**Requirement:**
Restate the data below word for word, omitting pictures.

**Recorded data:**
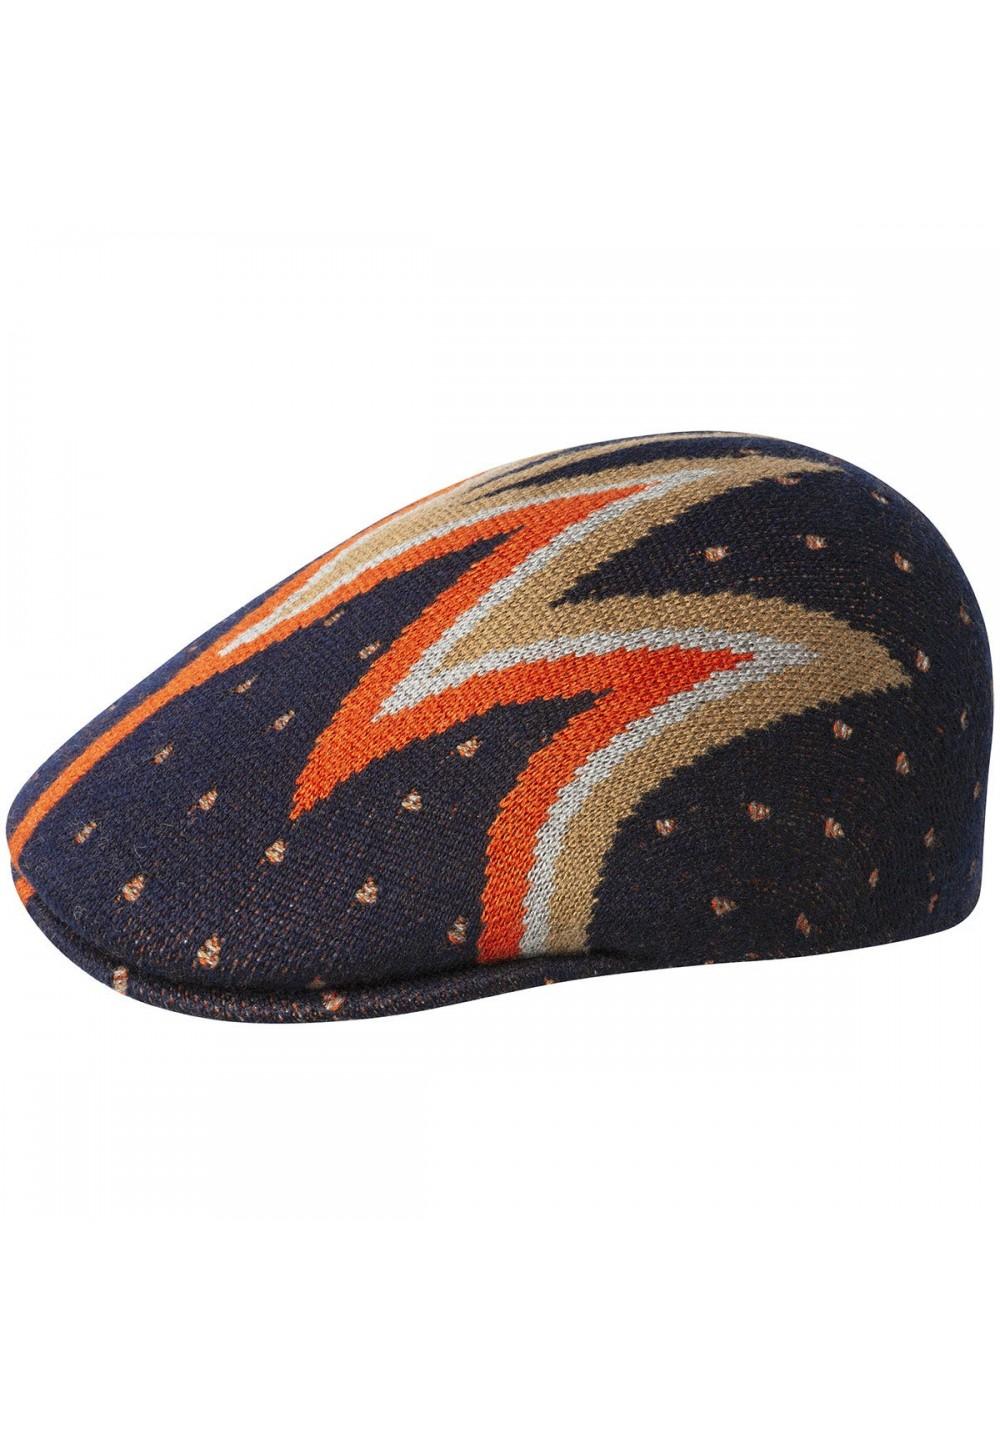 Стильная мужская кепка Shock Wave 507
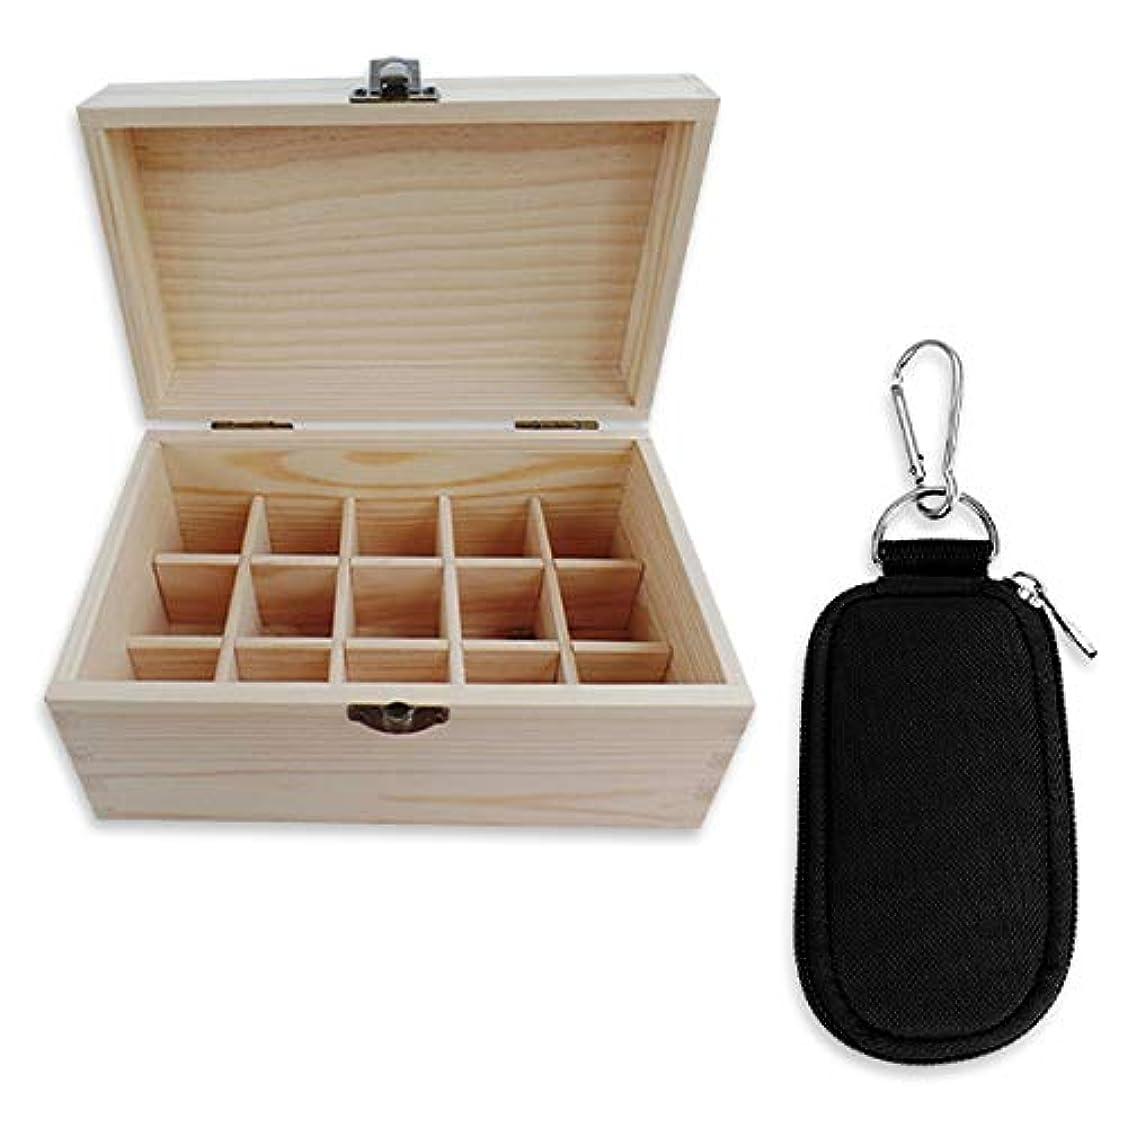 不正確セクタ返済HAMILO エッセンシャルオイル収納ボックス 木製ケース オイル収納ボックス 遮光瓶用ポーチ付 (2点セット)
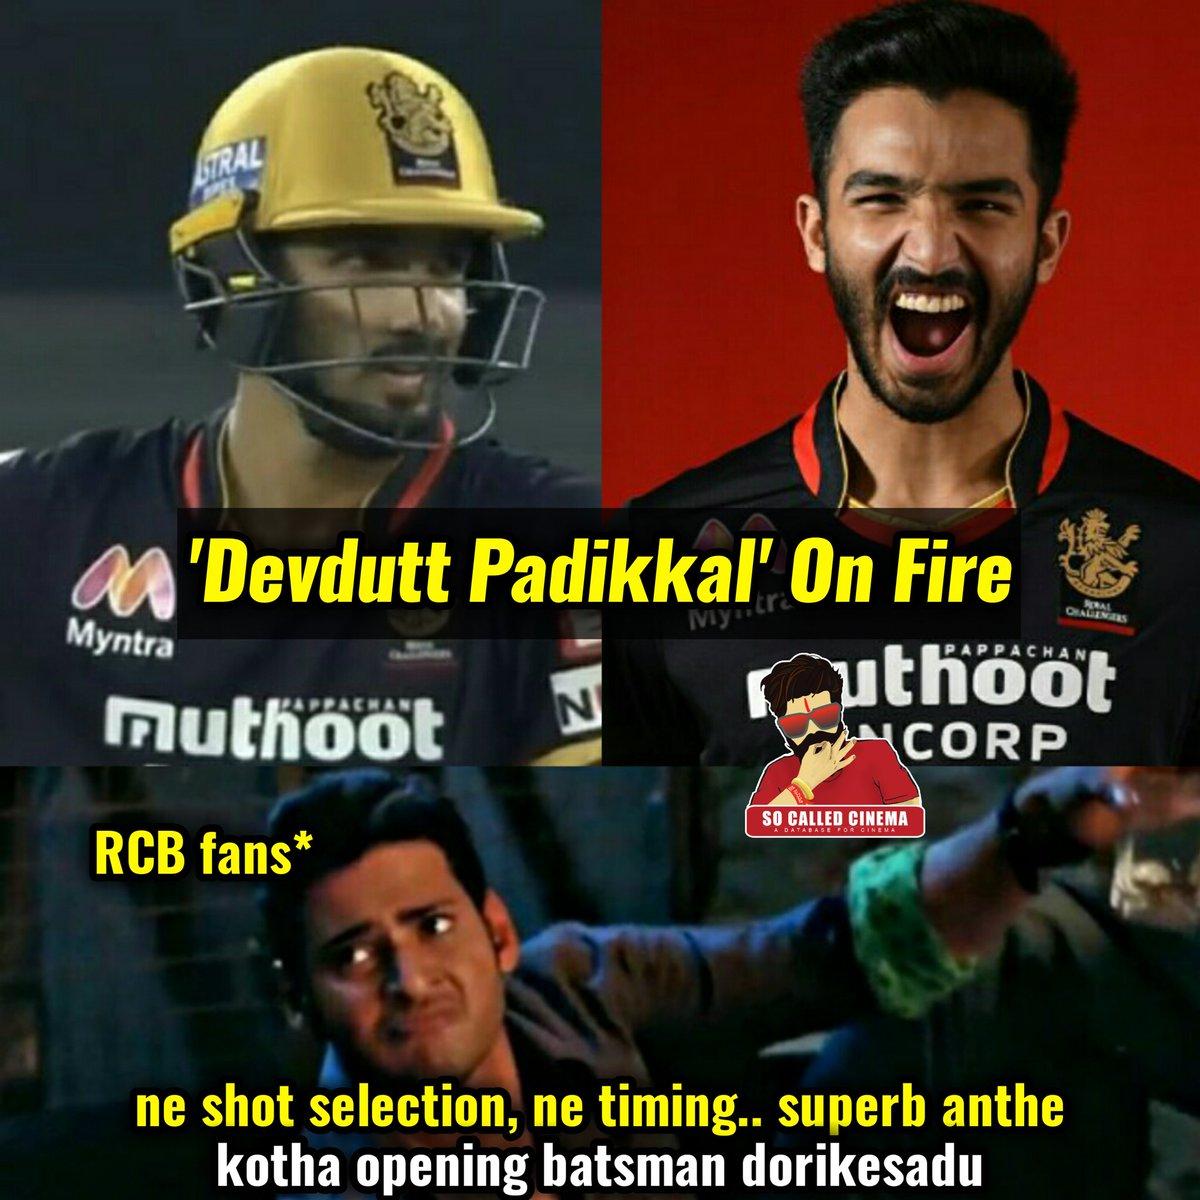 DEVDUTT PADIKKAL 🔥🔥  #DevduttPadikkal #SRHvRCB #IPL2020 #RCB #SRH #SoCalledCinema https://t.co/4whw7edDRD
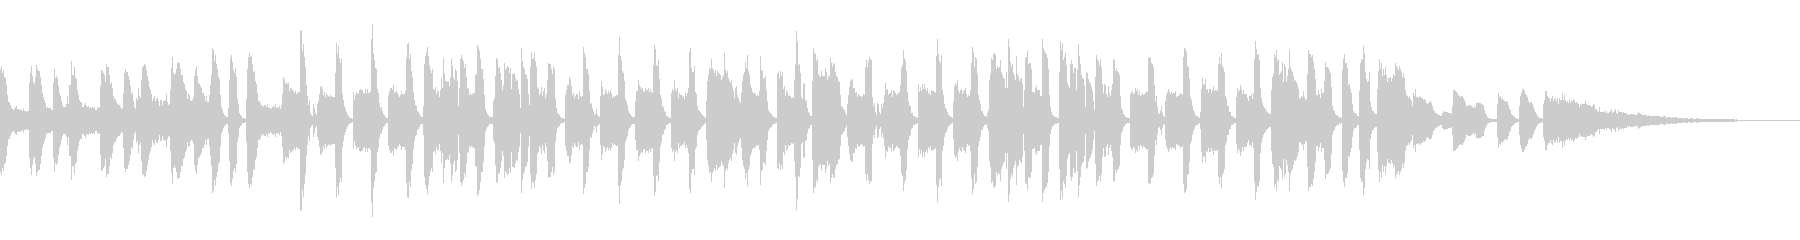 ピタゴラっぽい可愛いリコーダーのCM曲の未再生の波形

**Response area:**
 Стильная мужская кепка Shock Wave 507
 不正確セクタ返済HAMILO エッセンシャルオイル収納ボックス 木製ケース オイル収納ボックス 遮光瓶用ポーチ付 (2点セット)
 DEVDUTT PADIKKAL 🔥🔥  #DevduttPadikkal #SRHvRCB #IPL2020 #RCB #SRH #SoCalledCinema https://t.co/4whw7edDRD
 ピタゴラっぽい可愛いリコーダーのCM曲の未再生の波形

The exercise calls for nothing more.